On 1 January 1958 Beckmann's election as "Präses" (synod president) of the Evangelical Church in the Rhineland took effect. The vacancy had been caused by the death of Heinrich Held a little more than three months earlier. Beckmann remained in the post till his retirement on 31 July 1971. Between 1967 and 1972 he was also engaged in church government at a national level, as a member of the governing synod ("Rat") of the Evangelical Church in Germany. By the time he joined the synod, he had already been working directly under its mandate for three years, co-opted in 1964 to deal with the important issues involving Conscientious objectors on an on-going basis. In 1961 Beckmann was a co-signatory of the "Tübingen Memorandum", an open "manifesto", signed by eight high-profile Protestant scholars and scientists, on the subject of West German nuclear re-armament, also calling for recognition by the West German government of the Oder–Neisse line as a permanent border between (East) Germany and Poland. The political positions promoted by the memorandum later became mainstream government policy, but in 1961 they were still contentious. The memorandum gained extensive press coverage, backed by the fact that individual copies were sent to leading politicians including Richard von Weizsäcker, whose brother was one of the eight signatories. Another of the eight was a member of the widely cherished Bismarck dynasty. Despite his involvement in the "Tübingen Memorandum", Präses Beckmann was generally to be found resisting pressure from younger church leaders to involve the church more intensively and more openly in the secular issues of the time, such as the heated passions, especially among politicised students, surrounding Cold War and Vietnam War.

Beckmann was also a regular participant in television's regular religious programme, Das Wort zum Sonntag (loosely, "The Word for Sunday").

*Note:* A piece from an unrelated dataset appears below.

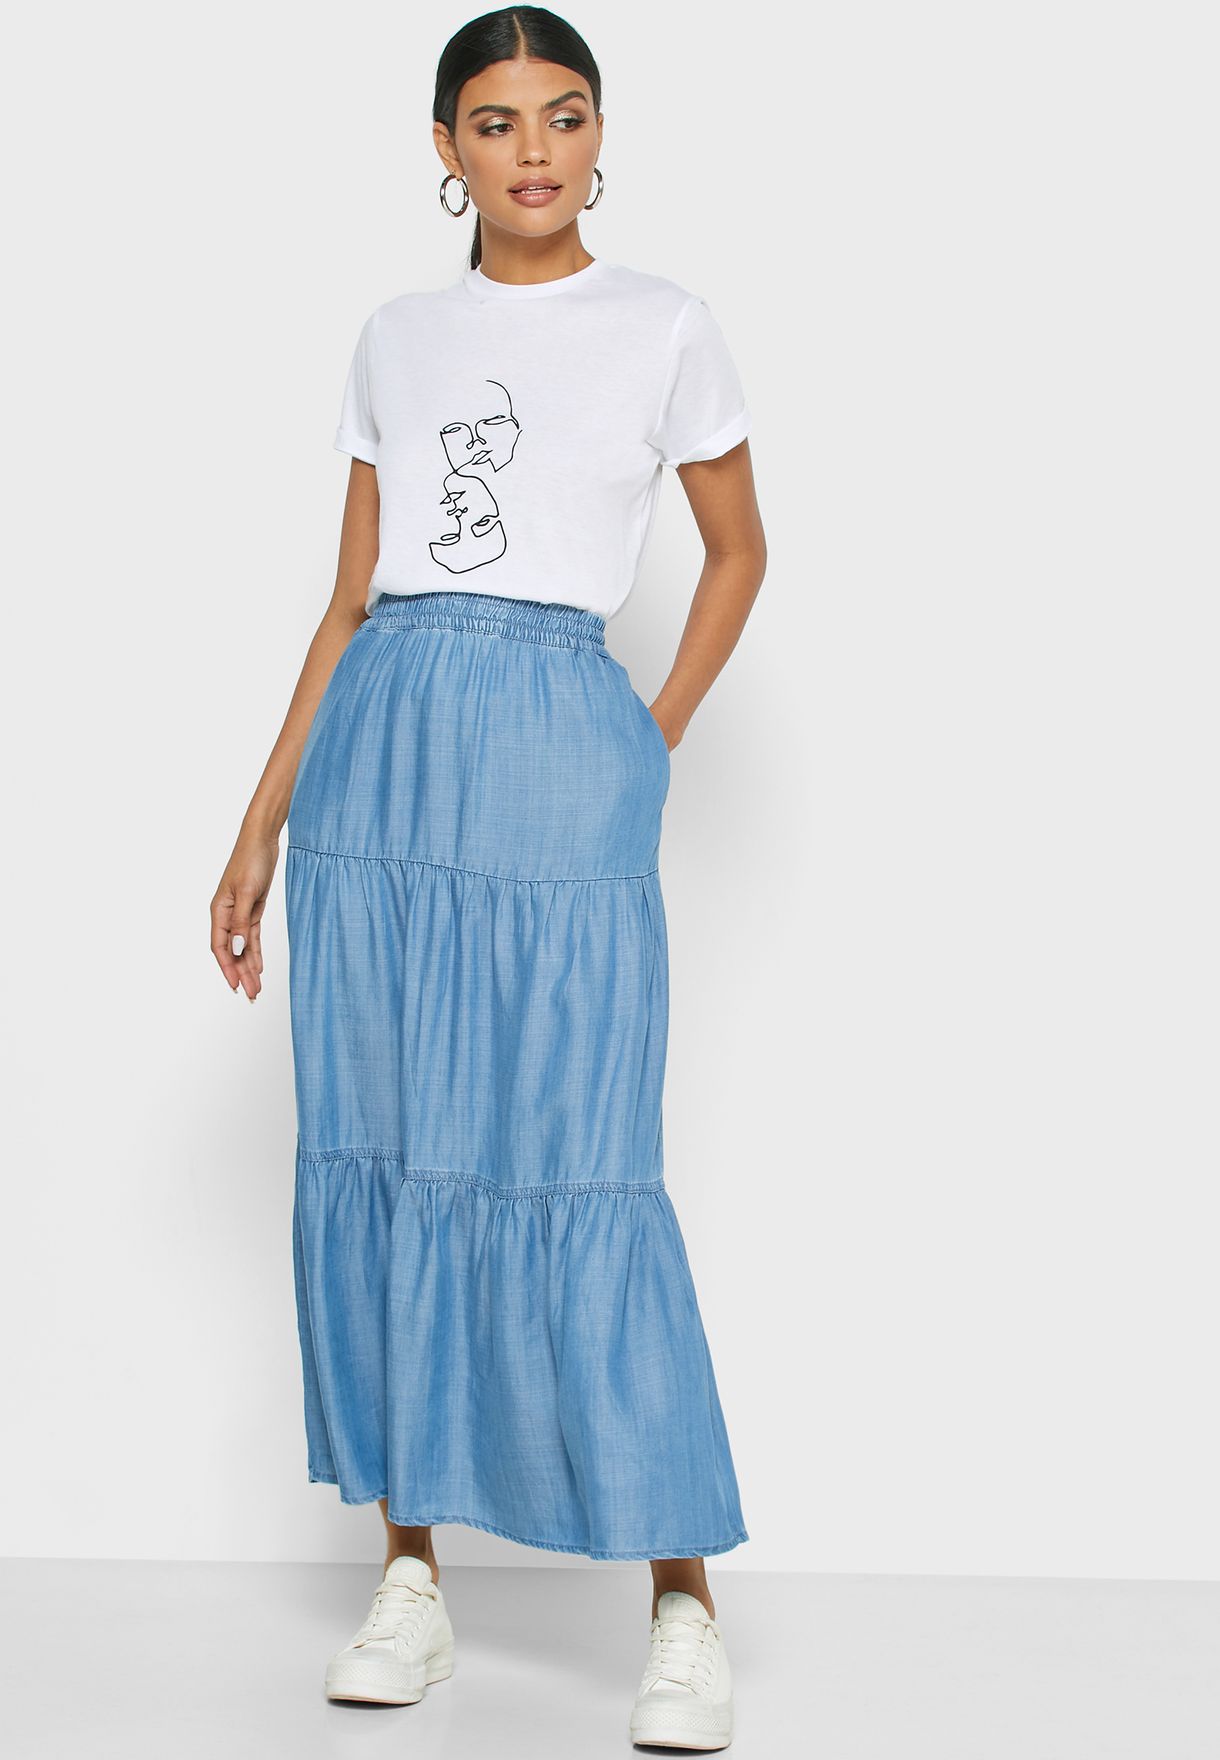 layered jean skirt

After his retirement, a couple of weeks after his seventieth birthday, Beckmann returned to teaching at the Barmen Church College, where he remained on the payroll between the start of the 1971/72 winter term, on 1 October 1971, and his eightieth birthday, 18 July 1981.

== Recognition ==

- 1954: Honorary doctorate from the Evangelical Theology faculty at the University of Bonn
- 1960: Honorary professorship from the University of Bonn
- 1971: Großkreuz ("Order of Merit")
- 1978: Verdienstkreuz am Bande ("Order of Merit")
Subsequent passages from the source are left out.